======== EXTRACTED DATA ========
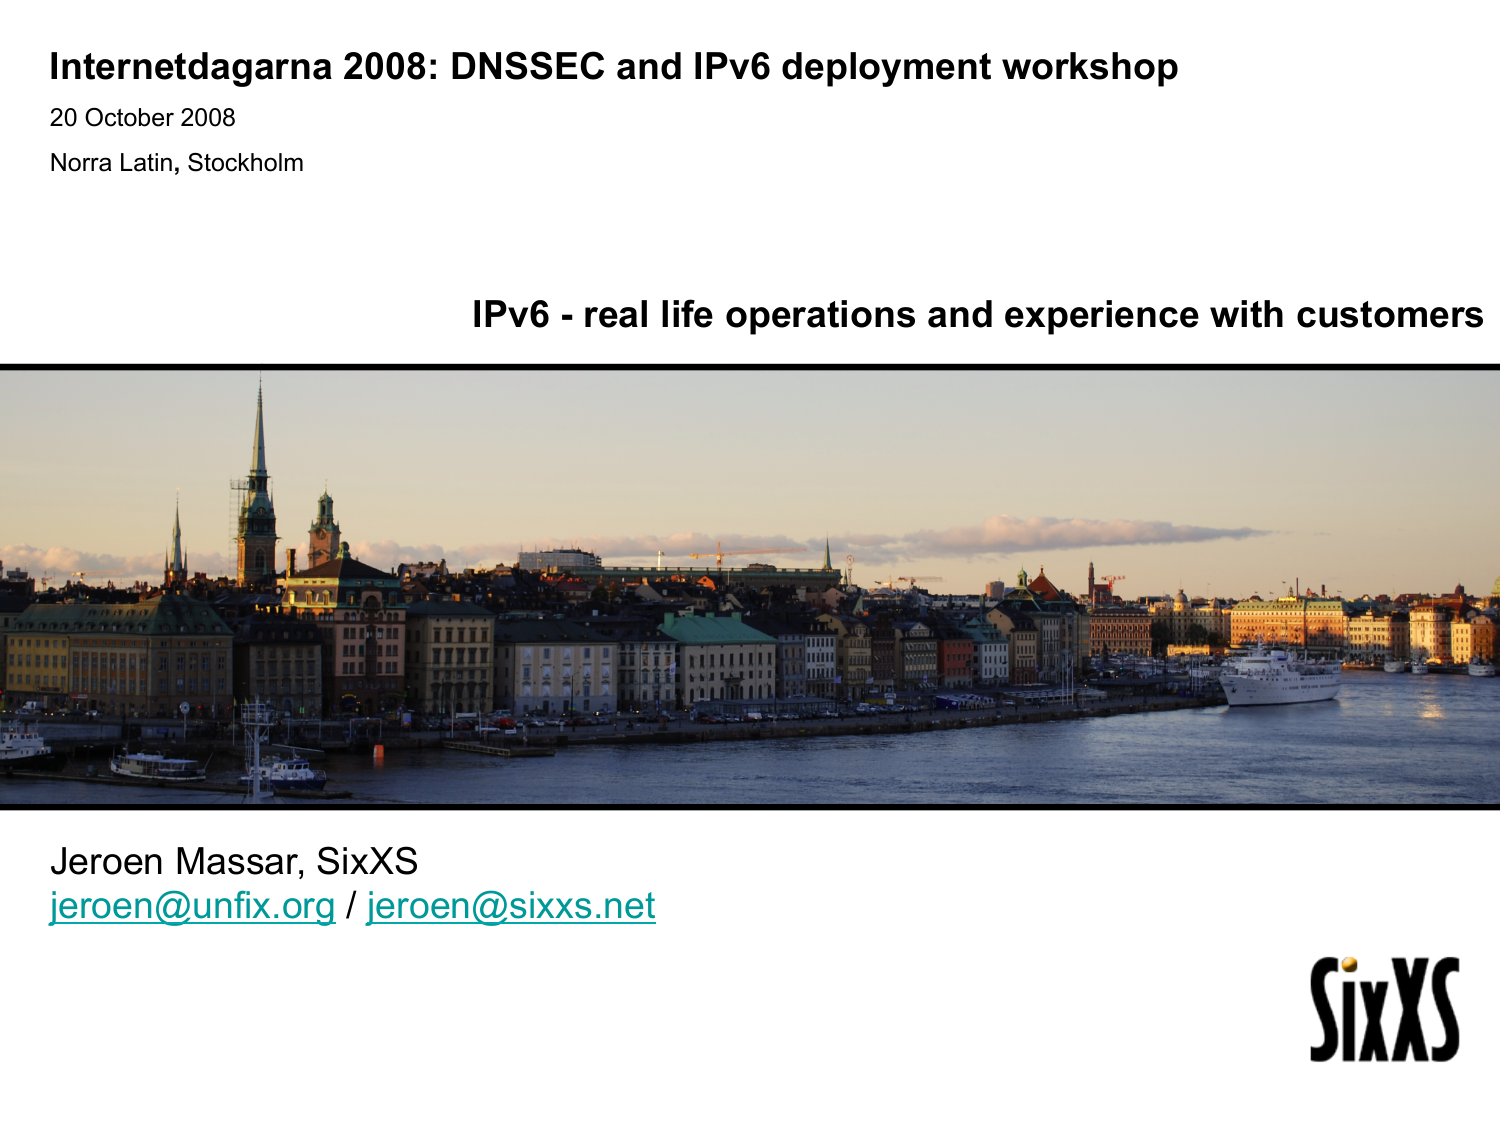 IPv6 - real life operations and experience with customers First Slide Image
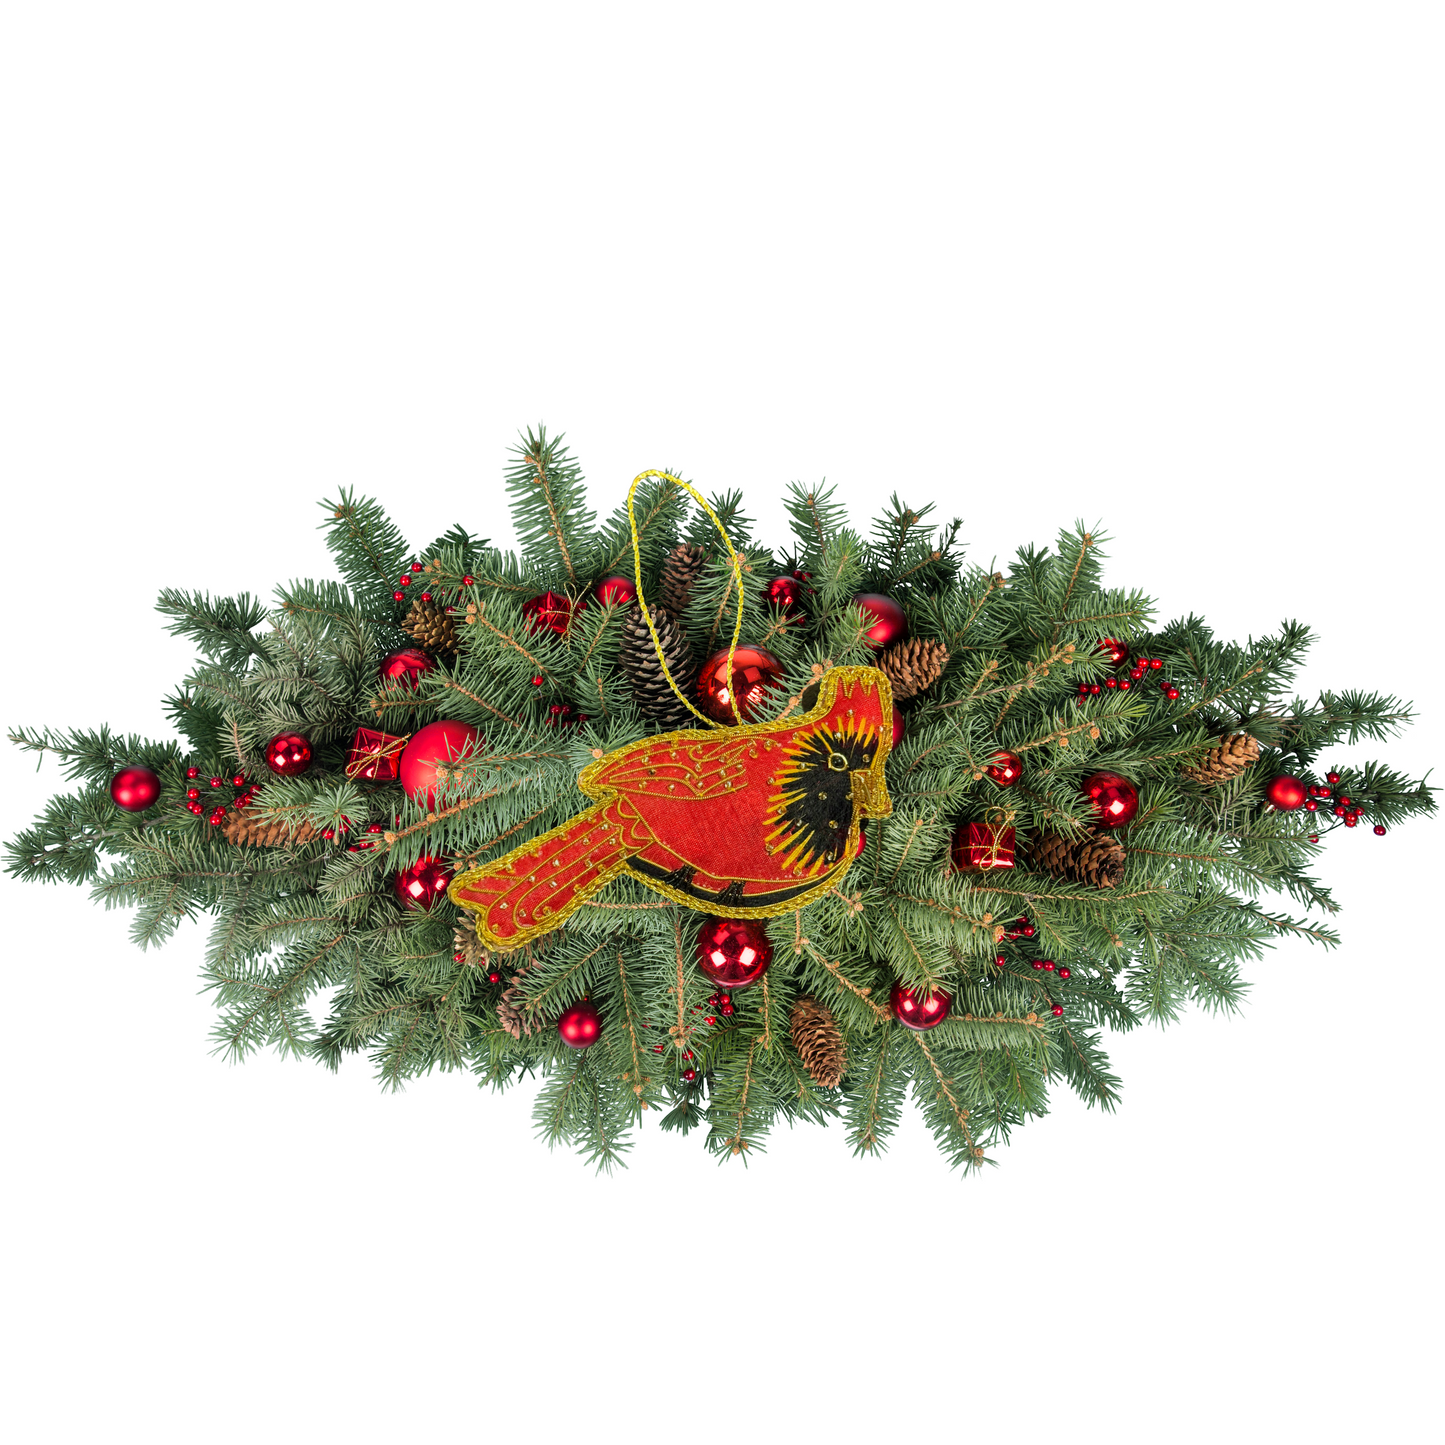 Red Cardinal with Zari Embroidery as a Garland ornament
========
======== EXTRACTED DATA ========
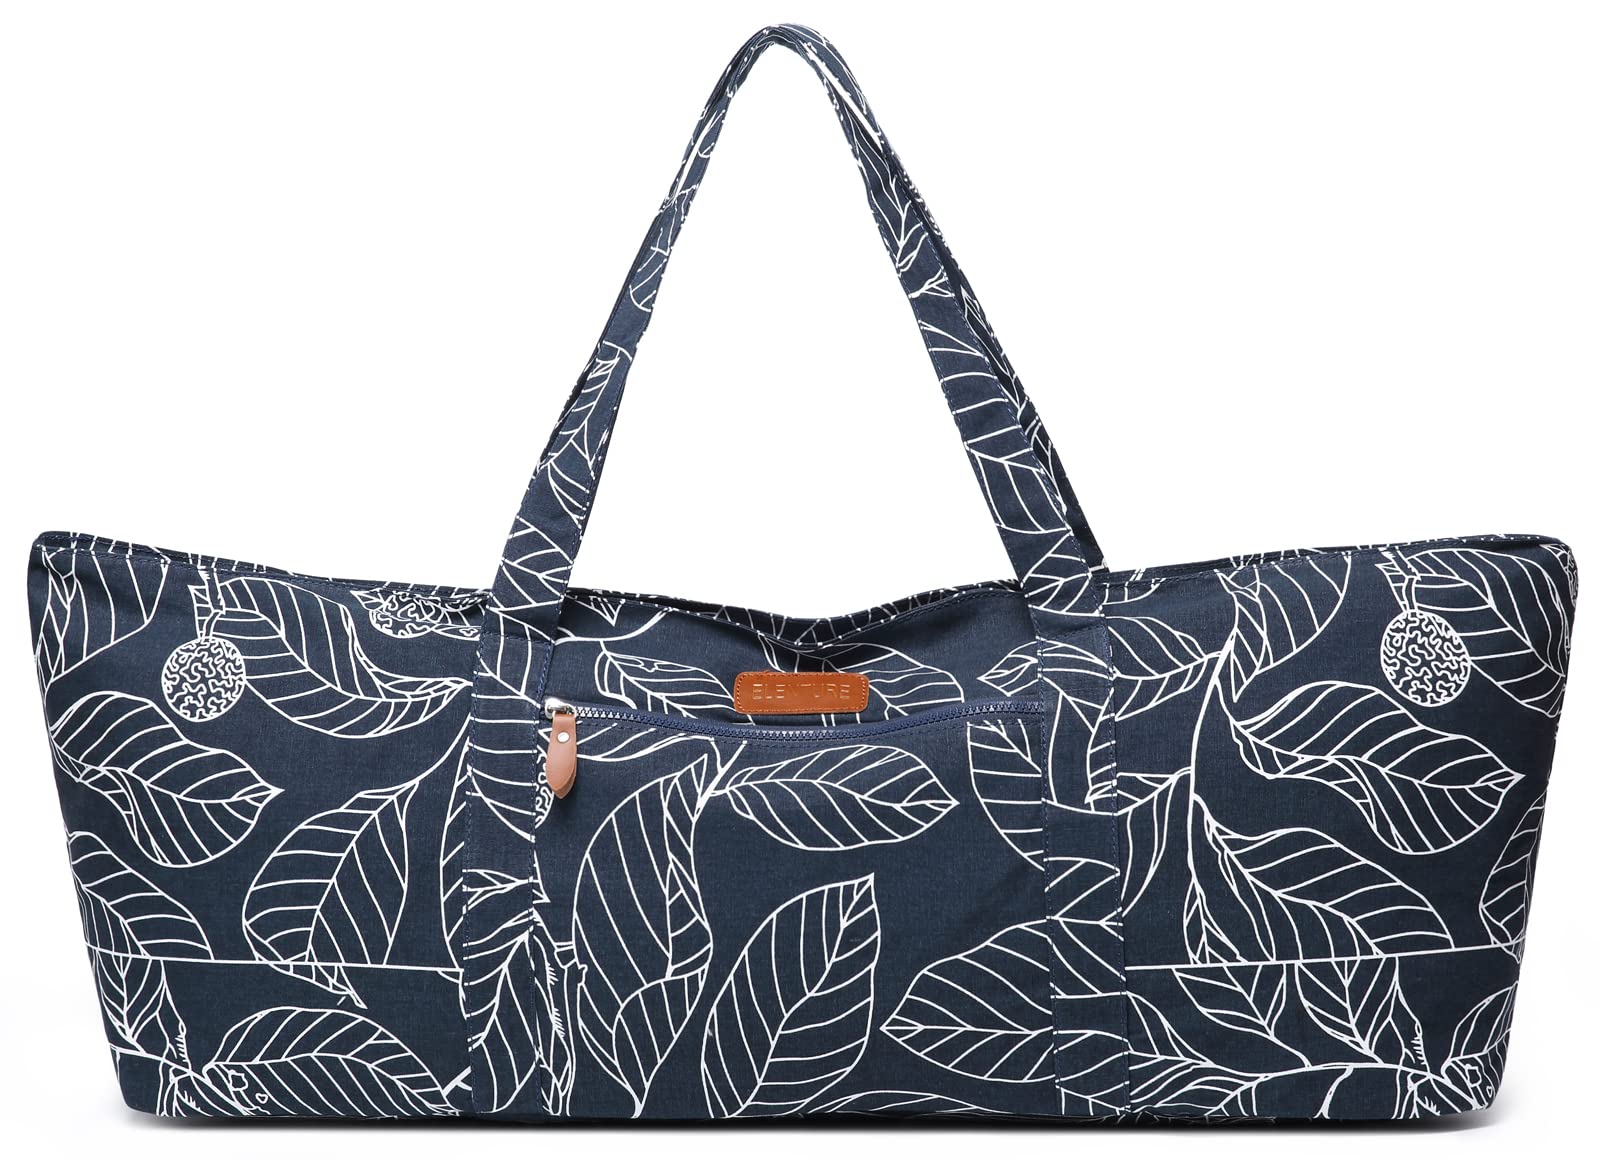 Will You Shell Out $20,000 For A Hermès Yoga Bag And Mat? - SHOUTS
========
*YOUR GOAL:* Transcribe the lines above exactly, beginning at the one with "IPv6 - real" and ending at the one with "Red Cardinal with". Include both; exclude the pictures.

*ANSWER TO THIS EXERCISE:*
 IPv6 - real life operations and experience with customers First Slide Image
 Red Cardinal with Zari Embroidery as a Garland ornament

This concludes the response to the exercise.